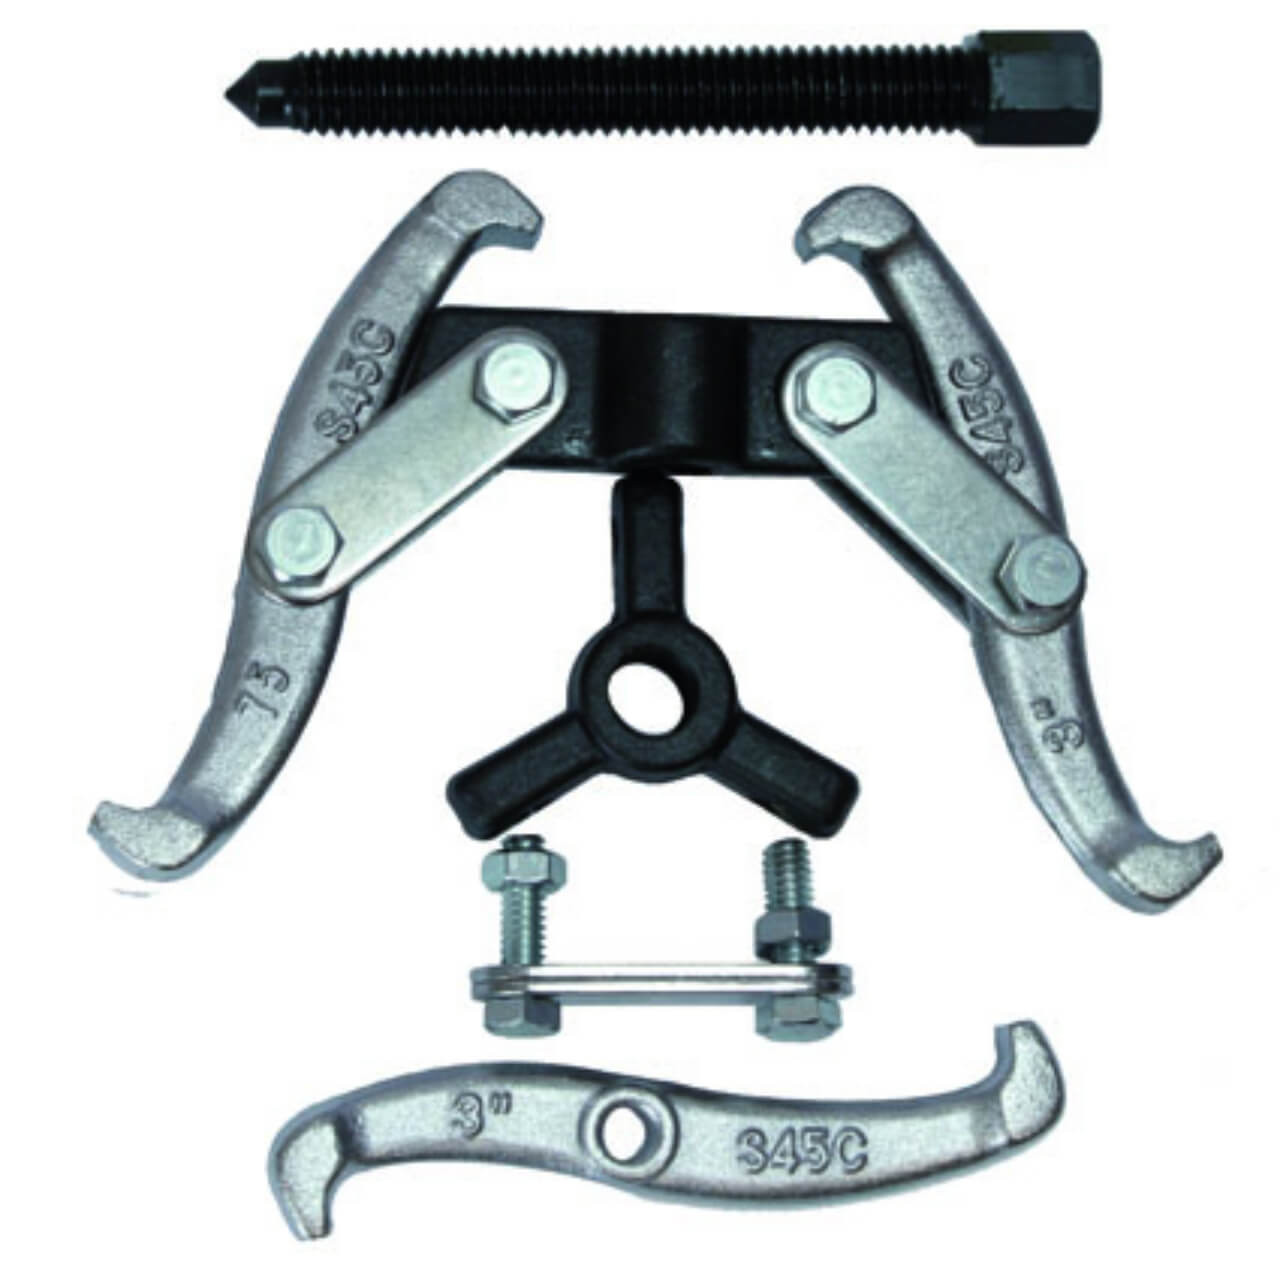 Mako 100mm (4”) Reversible Gear Puller 2 Jaw Or 3 Jaw
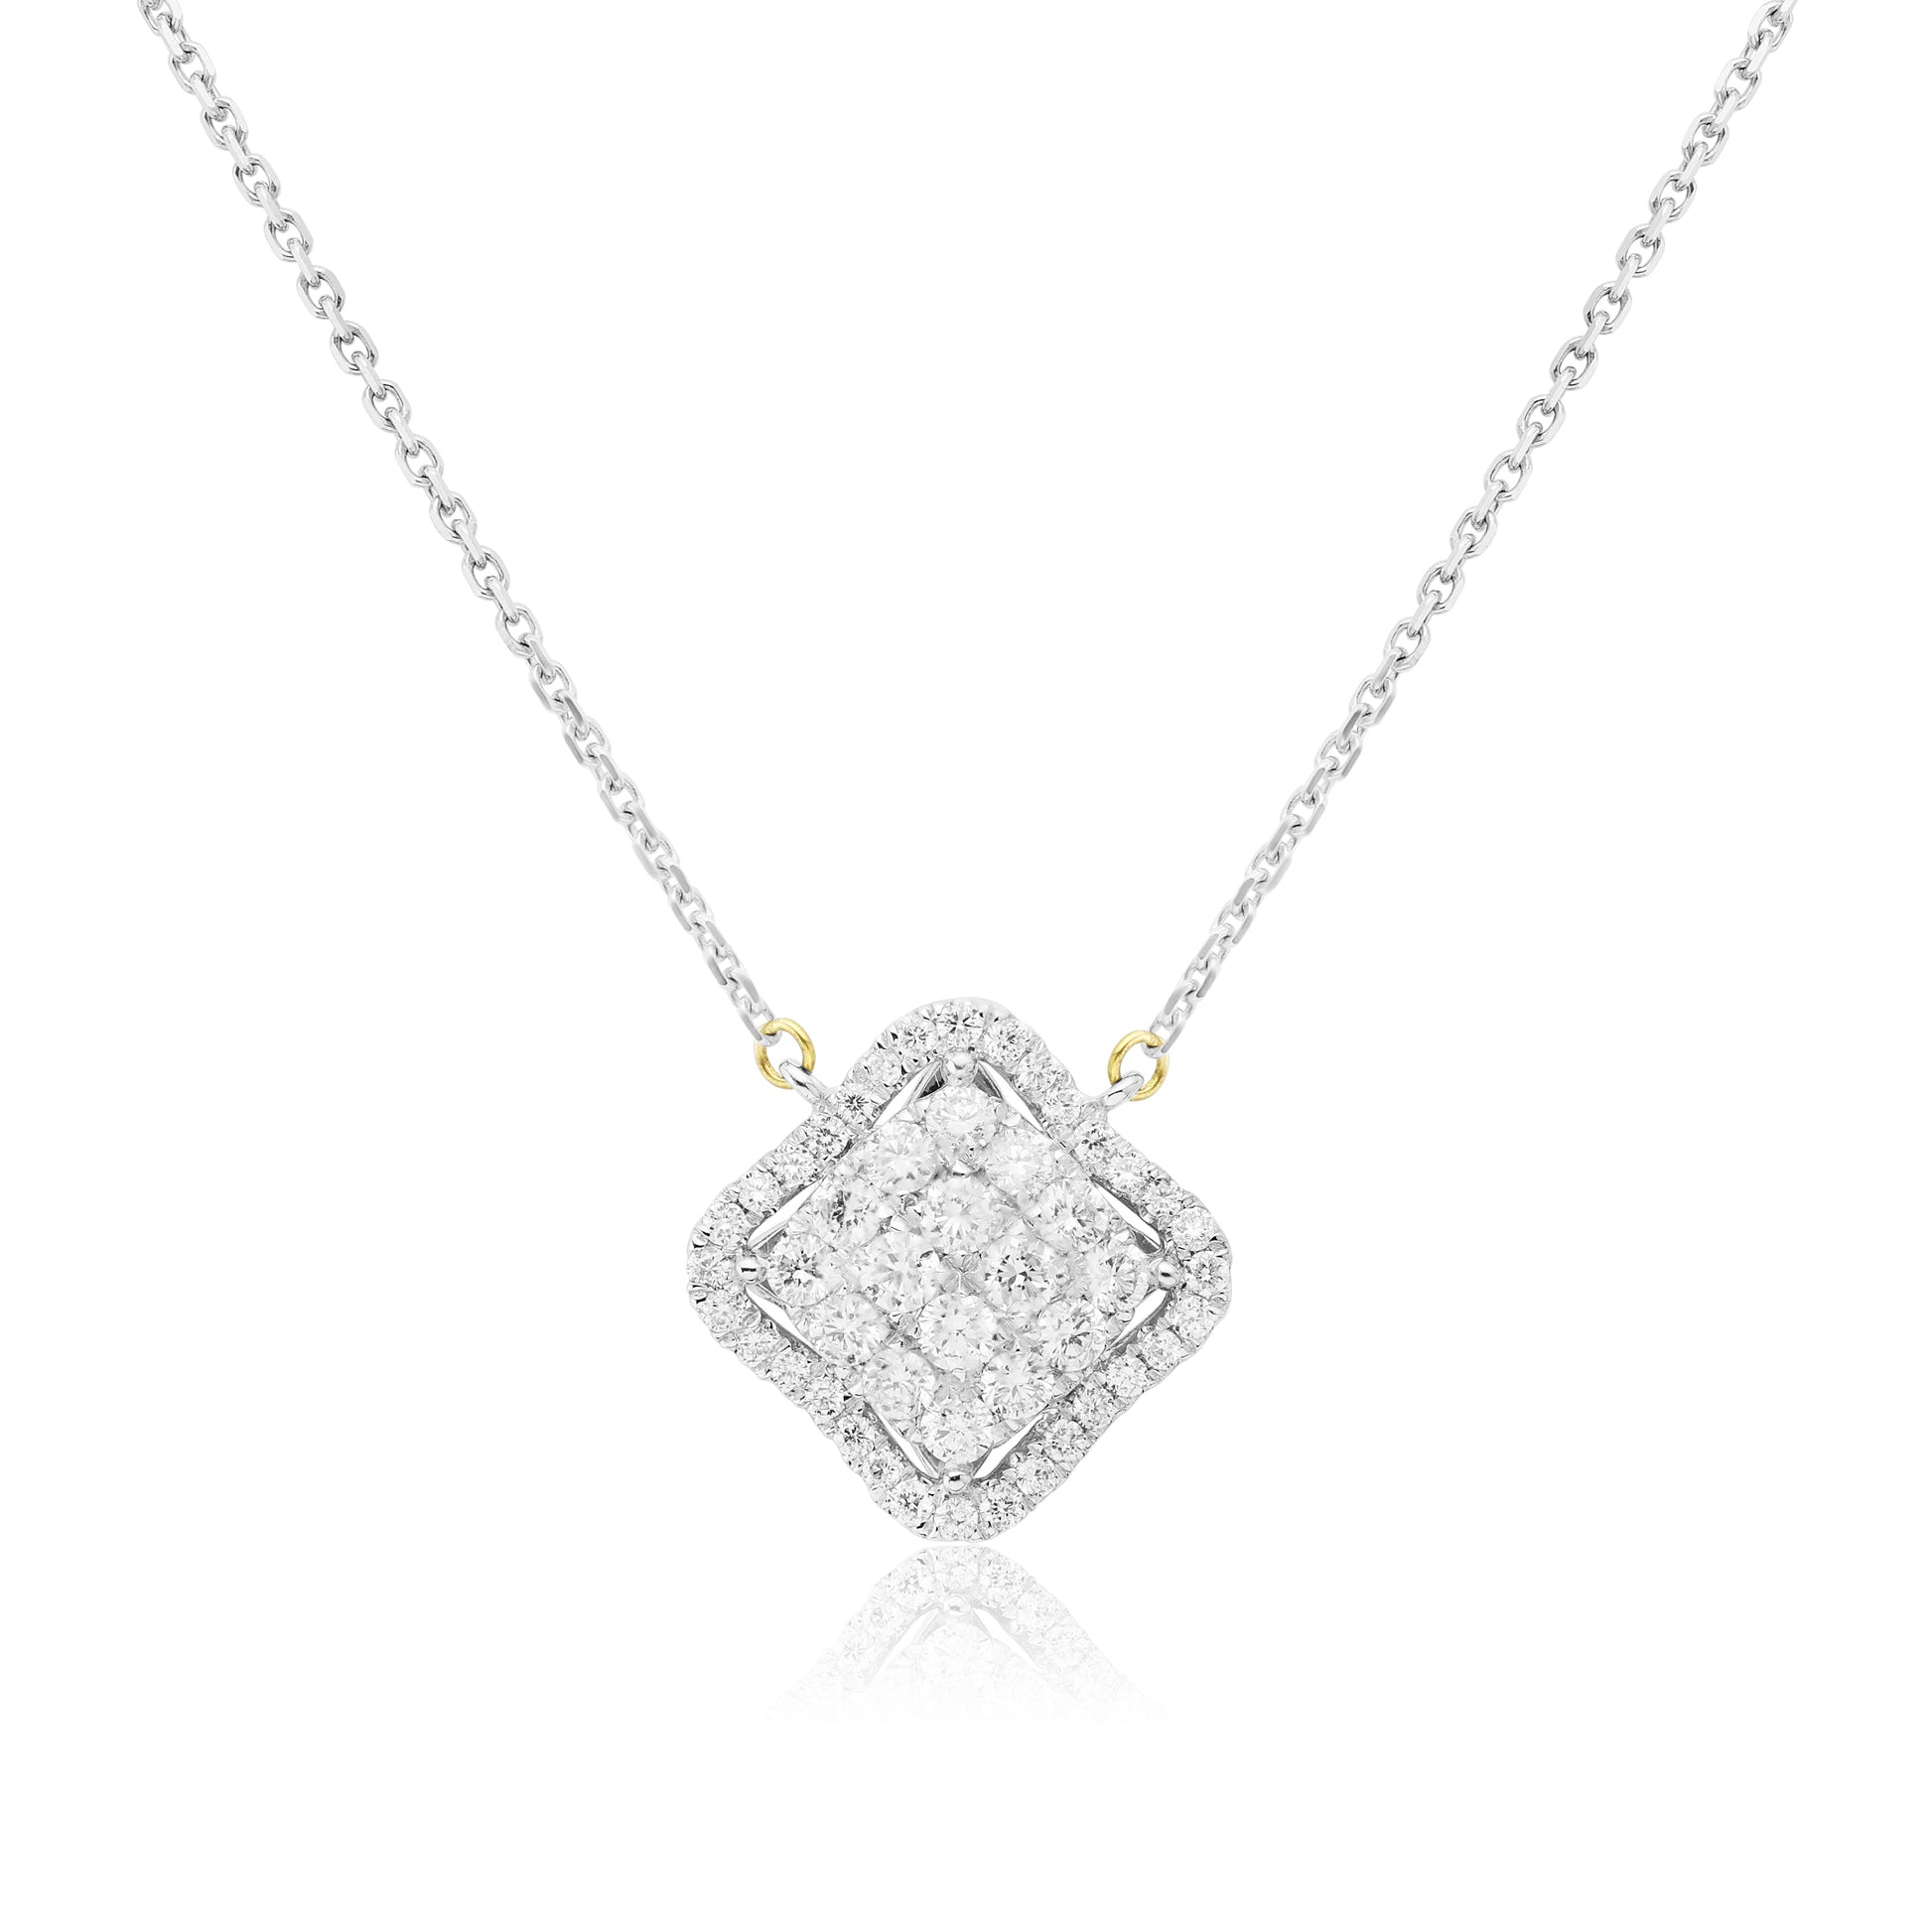 White Gold Necklaces White Gold Square Halo Pendant With A Cluster Pendant dansonjewelers Danson Jewelers 
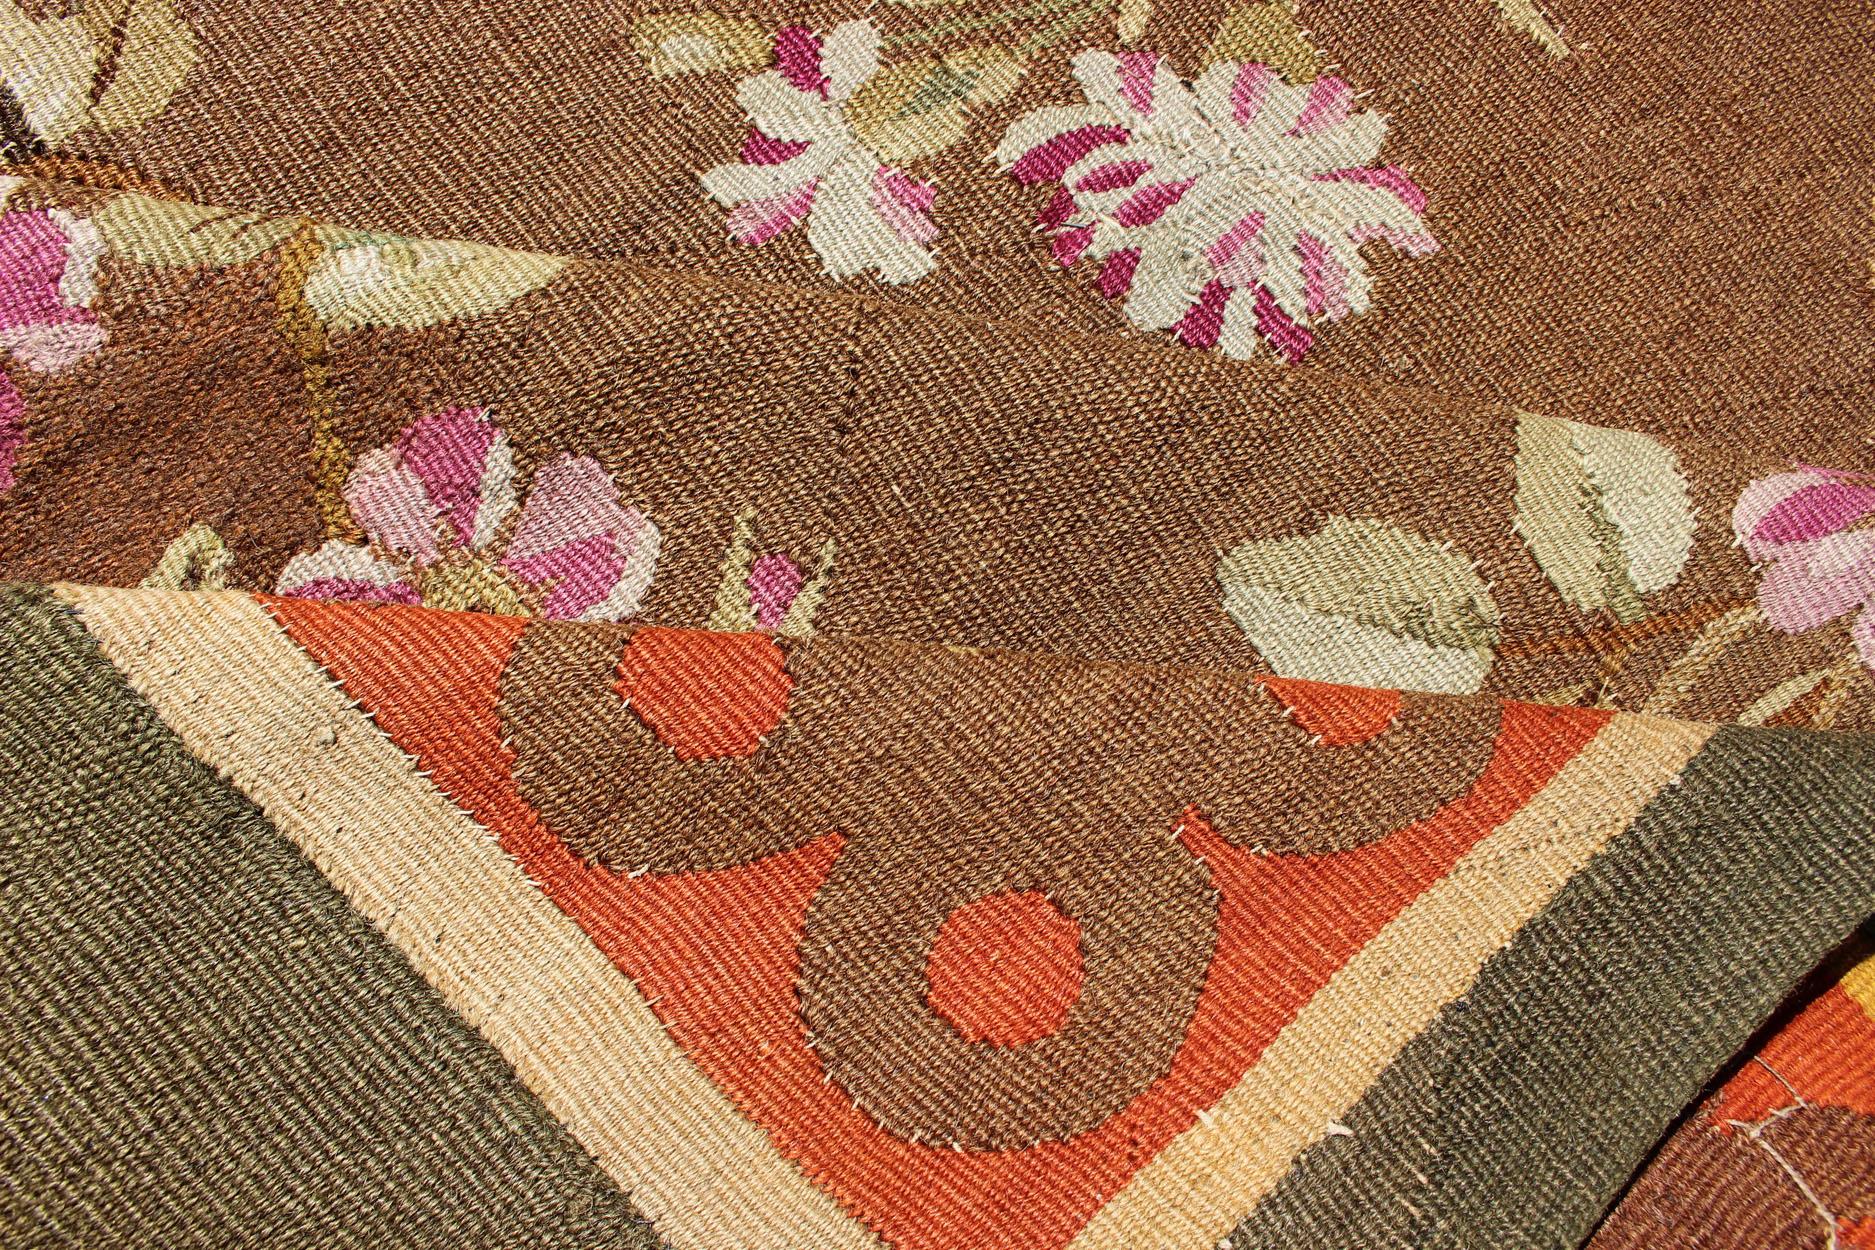 Late 19th Century Antique European French Aubusson Rug with Rosset and Floral Design in Brown

# # #

## What the exercise asks:
For this exercise, transcribe the data exactly but without its pictures.

## Answer section:
 Mako 100mm (4”) Reversible Gear Puller 2 Jaw Or 3 Jaw
 White Gold Necklaces White Gold Square Halo Pendant With A Cluster Pendant dansonjewelers Danson Jewelers 
 Late 19th Century Antique European French Aubusson Rug with Rosset and Floral Design in Brown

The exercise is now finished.